▶ [Assignment]: Return the lines below exactly, please, from the one containing "Квадрокоптер flash drone, камера" through the last one, both included, and leave out any pictures.

▶ [Raw data]:
━━━━━━
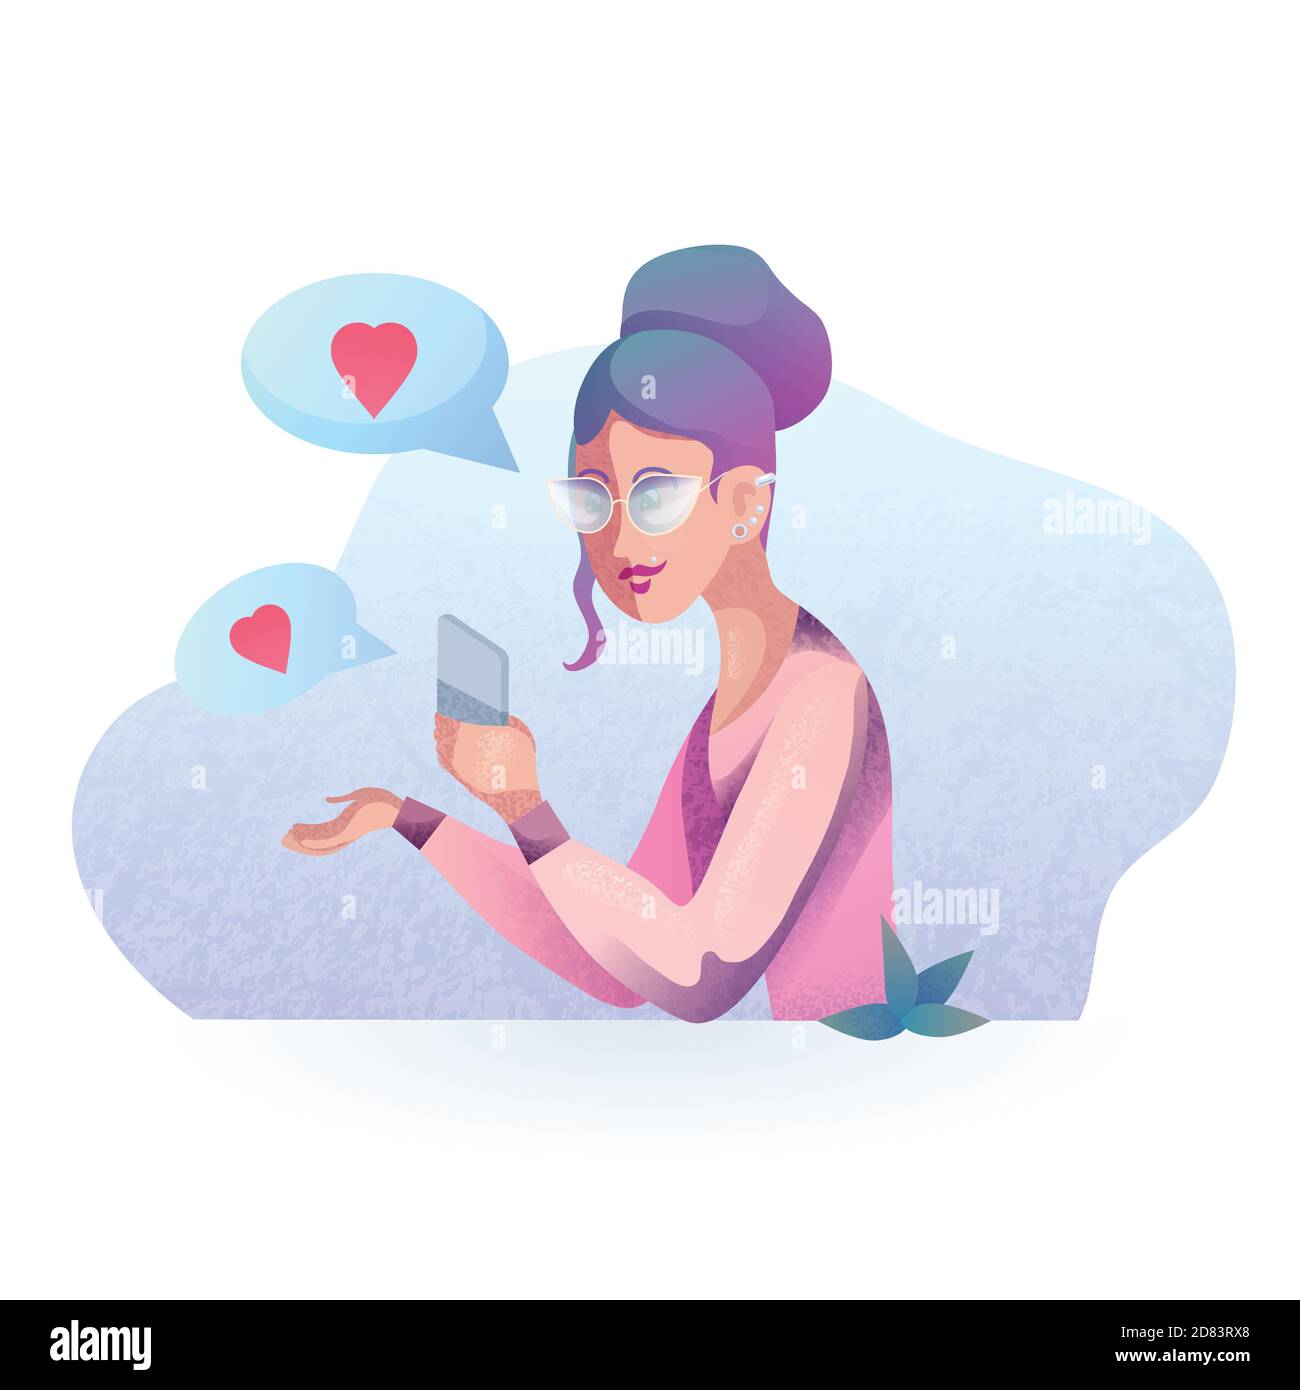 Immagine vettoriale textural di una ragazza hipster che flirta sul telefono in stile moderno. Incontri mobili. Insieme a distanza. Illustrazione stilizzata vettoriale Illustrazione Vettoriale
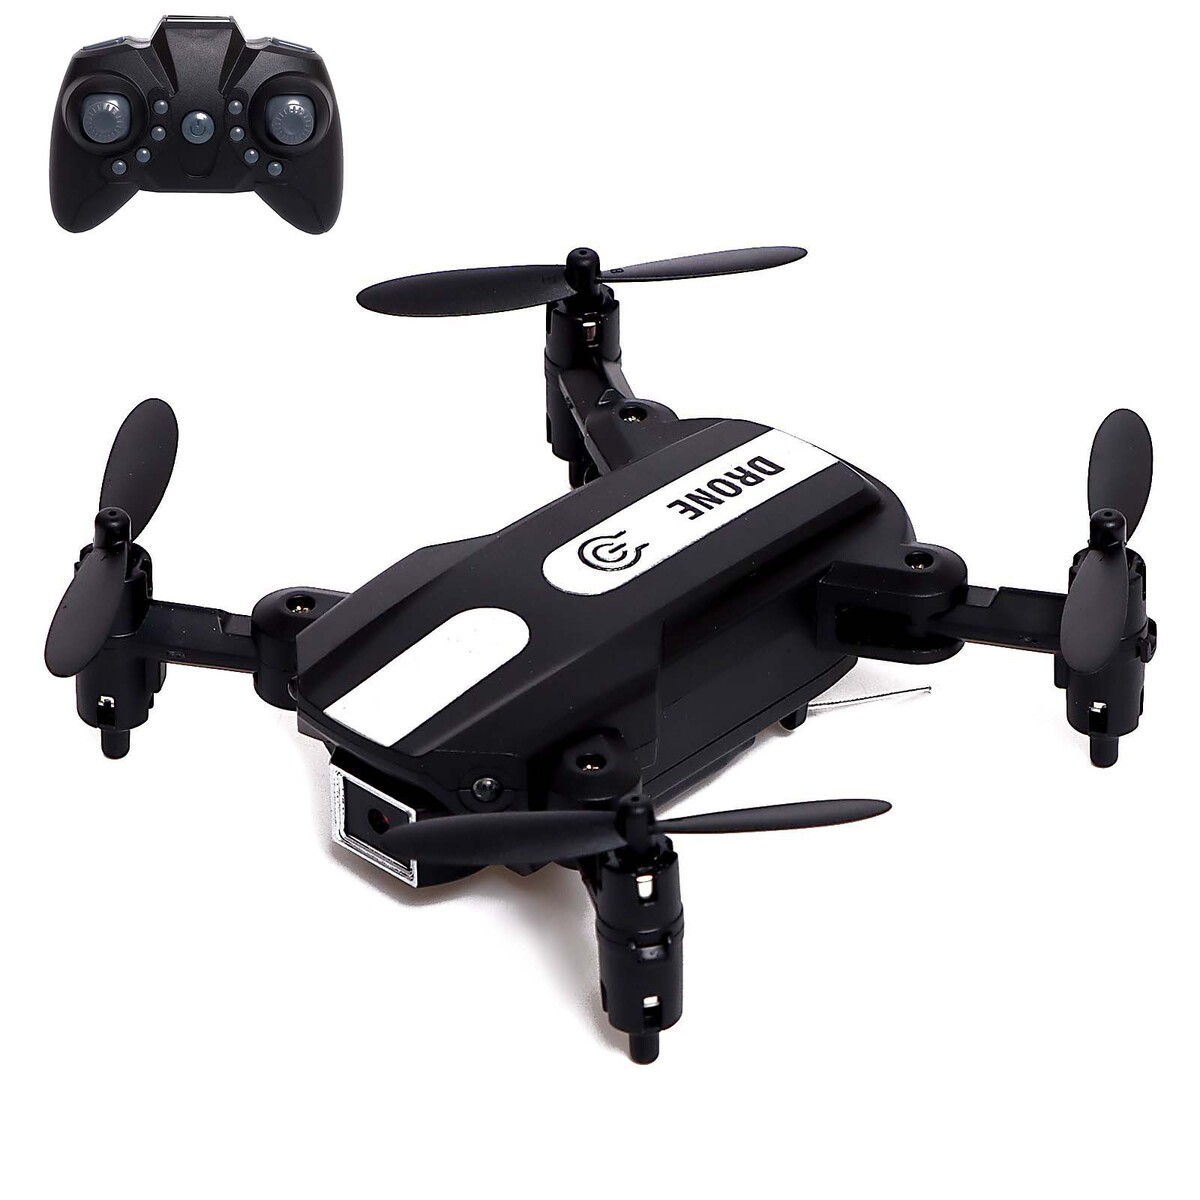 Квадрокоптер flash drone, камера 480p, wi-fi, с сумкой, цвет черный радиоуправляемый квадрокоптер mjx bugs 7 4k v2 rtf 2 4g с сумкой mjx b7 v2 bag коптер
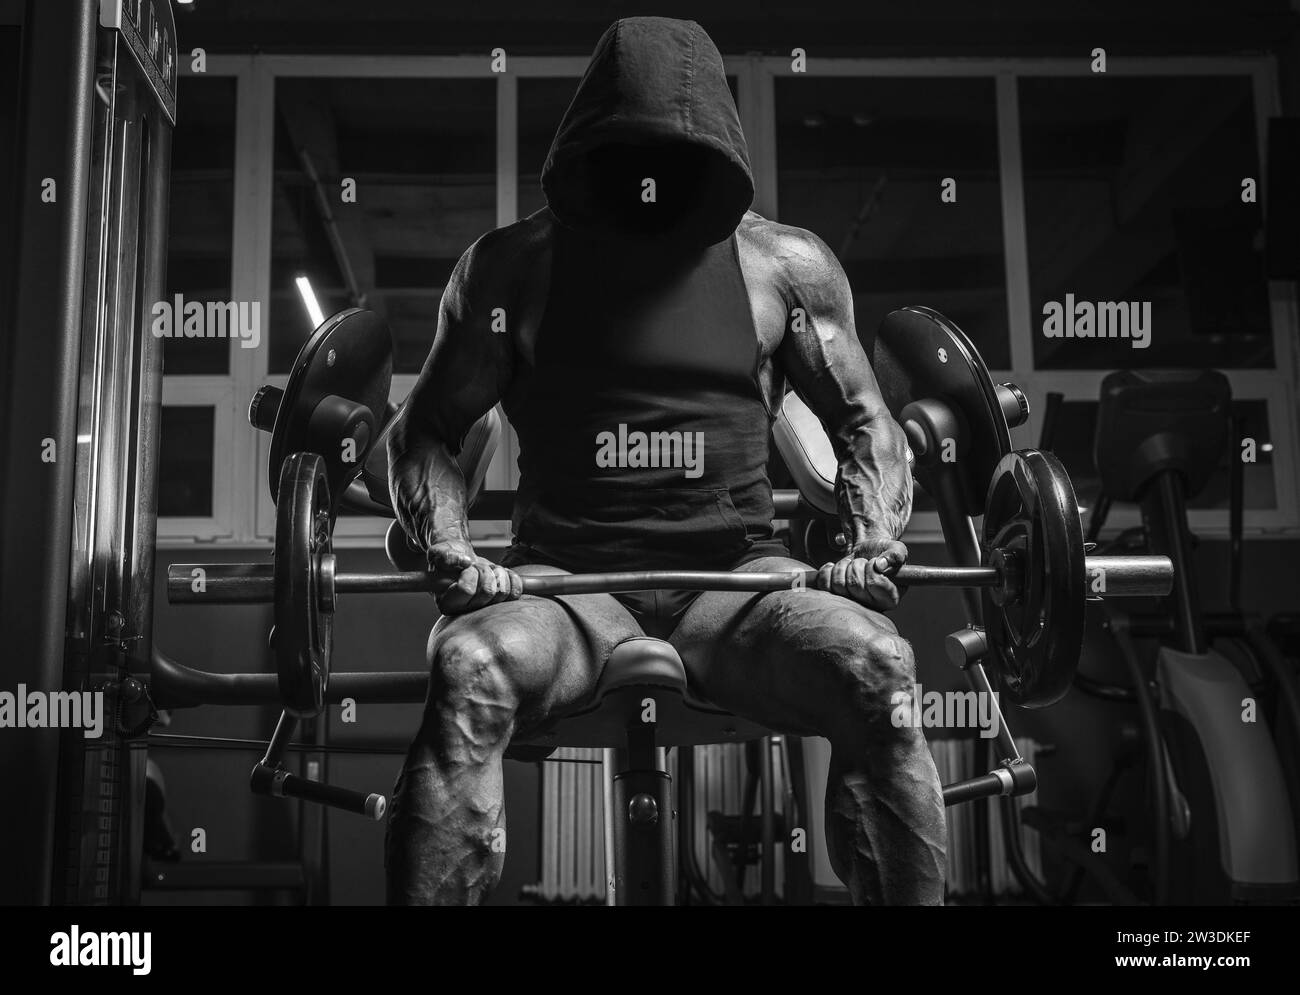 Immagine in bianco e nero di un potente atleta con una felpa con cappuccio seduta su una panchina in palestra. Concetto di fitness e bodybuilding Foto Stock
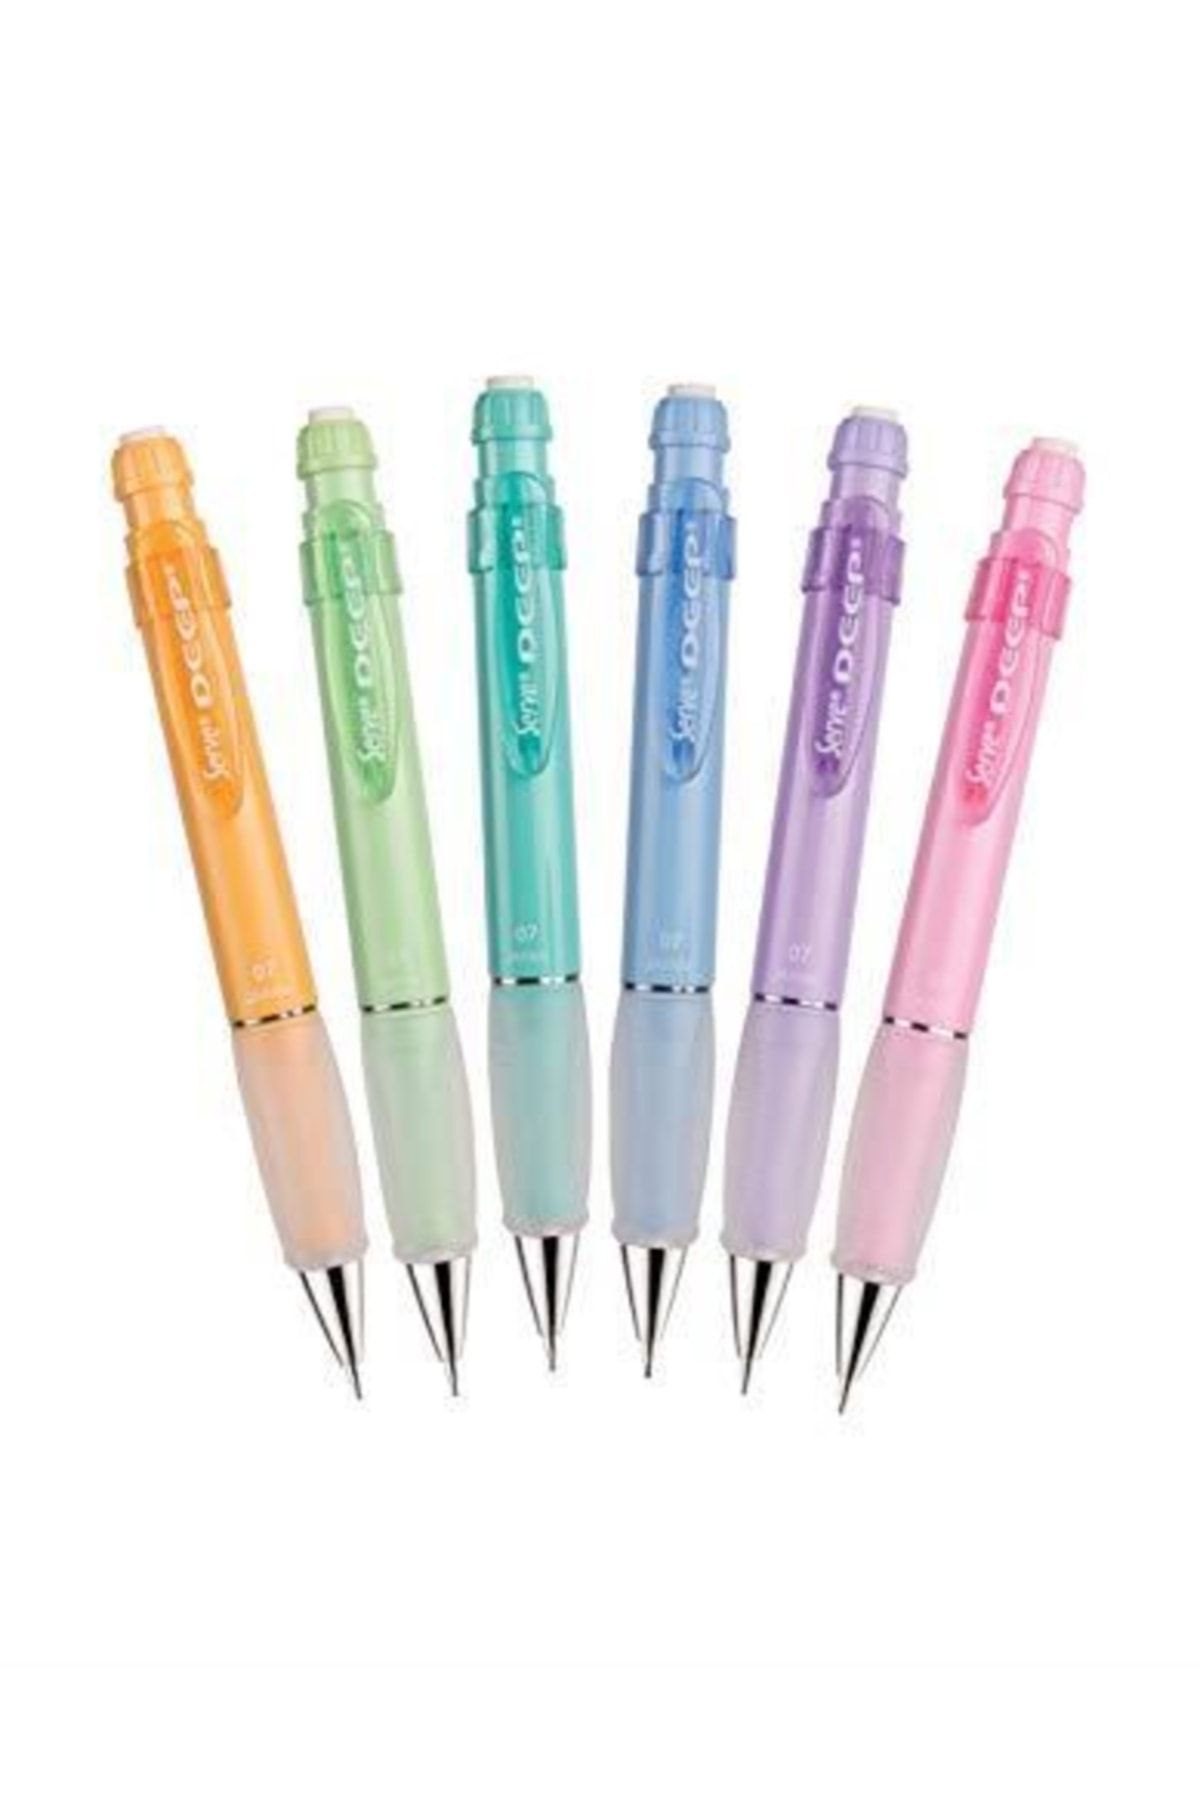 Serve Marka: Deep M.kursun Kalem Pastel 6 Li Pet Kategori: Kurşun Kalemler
━━━━━━
▶ [Solution to this task]:
 Квадрокоптер flash drone, камера 480p, wi-fi, с сумкой, цвет черный радиоуправляемый квадрокоптер mjx bugs 7 4k v2 rtf 2 4g с сумкой mjx b7 v2 bag коптер
 Immagine in bianco e nero di un potente atleta con una felpa con cappuccio seduta su una panchina in palestra. Concetto di fitness e bodybuilding Foto Stock
 Serve Marka: Deep M.kursun Kalem Pastel 6 Li Pet Kategori: Kurşun Kalemler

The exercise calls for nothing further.